I'm using Kafka producer and reading this records from a file to simulate live data. Data is sorted by date.
So, to check if my pattern is fulfilled I need to process records in order. The thing is, due to parallelization (bolt replication) I don't get check-ins of user in order. Because of that patterns won't work.
How to overcome this problem? How to process records in order?
There is no general system support for ordered processing in Storm. Either you use a different system that supports ordered steam processing like Apache Flink (Disclaimer, I am a committer at Flink) or you need to take care of it in your bolt code by yourself.

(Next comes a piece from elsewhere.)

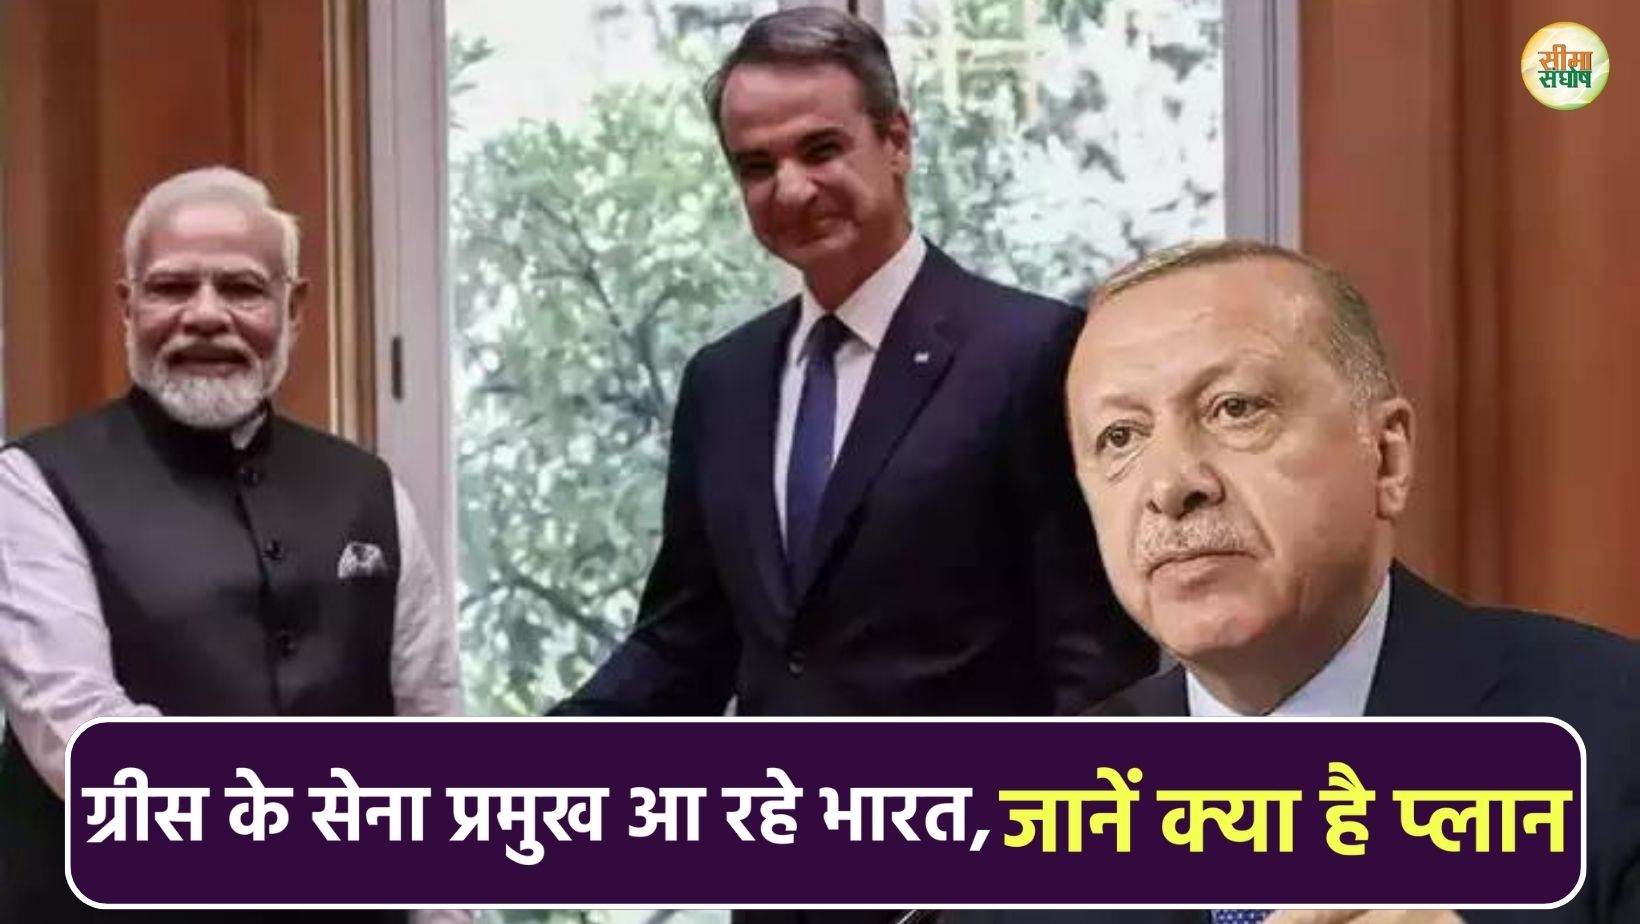 तुर्की के 'खलीफा' एर्दोगन को करारा जवाब देने की तैयारी, ग्रीस के सेना प्रमुख आ रहे भारत, जानें क्या है प्लान

The only support Storm delivers is using Trident. You can put tuples of a certain time period (for example one minute) into a single batch. Thus, you can process all tuples within a minute at once. However, this only works if your use case allows for it because you cannot related tuples from different batches to each other. In your case, this would only be the case, if you know that there are points in time, in which all users have reached their destination (and no other use started a new interaction); ie, you need points in time in which no overlap of any two users occurs. (It seems to me, that your use-case cannot fulfill this requirement).
For non-system, ie, customized user-code based solution, there would be two approaches:
You could for example buffer up tuples and sort on time stamp within a bolt before processing. To make this work properly, you need to inject punctuations/watermarks that ensure that no tuple with larger timestamp than the punctuation comes after a punctuation. If you received a punctuation from each parallel input substream you can safely trigger sorting and processing.
Another way would be to buffer tuples per incoming substream in district buffers (within a substream order is preserved) and merge the tuples from the buffers in order. This has the advantage that sorting is avoided. However, you need to ensure that each operator emits tuples ordered. Furthermore, to avoid blocking (ie, if no input is available for a substream) punctuations might be needed, too. (I implemented this approach. Feel free to use the code or adapt it to your needs: https://github.com/mjsax/aeolus/blob/master/queries/utils/src/main/java/de/hub/cs/dbis/aeolus/utils/TimestampMerger.java)
Storm supports this use case. For this you just have to ensure that order is maintained throughout your flow in all the involved components. So as first step, in Kafka producer, all the messages for a particular user id should go to the same partition in Kafka. For this you can implement a custom Partitioner in your KafkaProducer. Please refer to the link here for implementation details.
Since a partition in Kafka can be read by one and only one kafkaSpout instance in Storm, the messages in that partition come in order in the spout instance. Thereby ensuring that all the messages of the same user id arrive to the same spout.
Now comes the tricky part - to maintain order in bolt, you want to ensure that you use field grouping on bolt based on "user_id" field emitted from the Kafka spout. A provided kafkaSpout does not break the message to emit field, you would have to override the kafkaSpout to read the message and emit a "user_id" field from the spout. One way of doing so is to have an intermediate bolt which reads the message from the Kafkaspout and emits a stream with "user_id" field.
When finally you specify a bolt with field grouping on "user_id", all messages of a particular user_id value would go to the same instance of the bolt, whatever be the degree of parallelism of the bolt.
A sample topology which work for your case could be as follow -
builder.setSpout("KafkaSpout", Kafkaspout);
builder.setBolt("FieldsEmitterBolt", FieldsEmitterBolt).shuffleGrouping("KafkaSpout");
builder.setBolt("CalculatorBolt", CalculatorBolt).fieldsGrouping("FieldsEmitterBolt", new Fields("user_id")); //user_id field emitted by Bolt2
--Beware, there could be case when all the user_id values come to the same CalculatorBolt instance if you have limited number of user_ids. This in turn would decrease the effective 'parallelism'!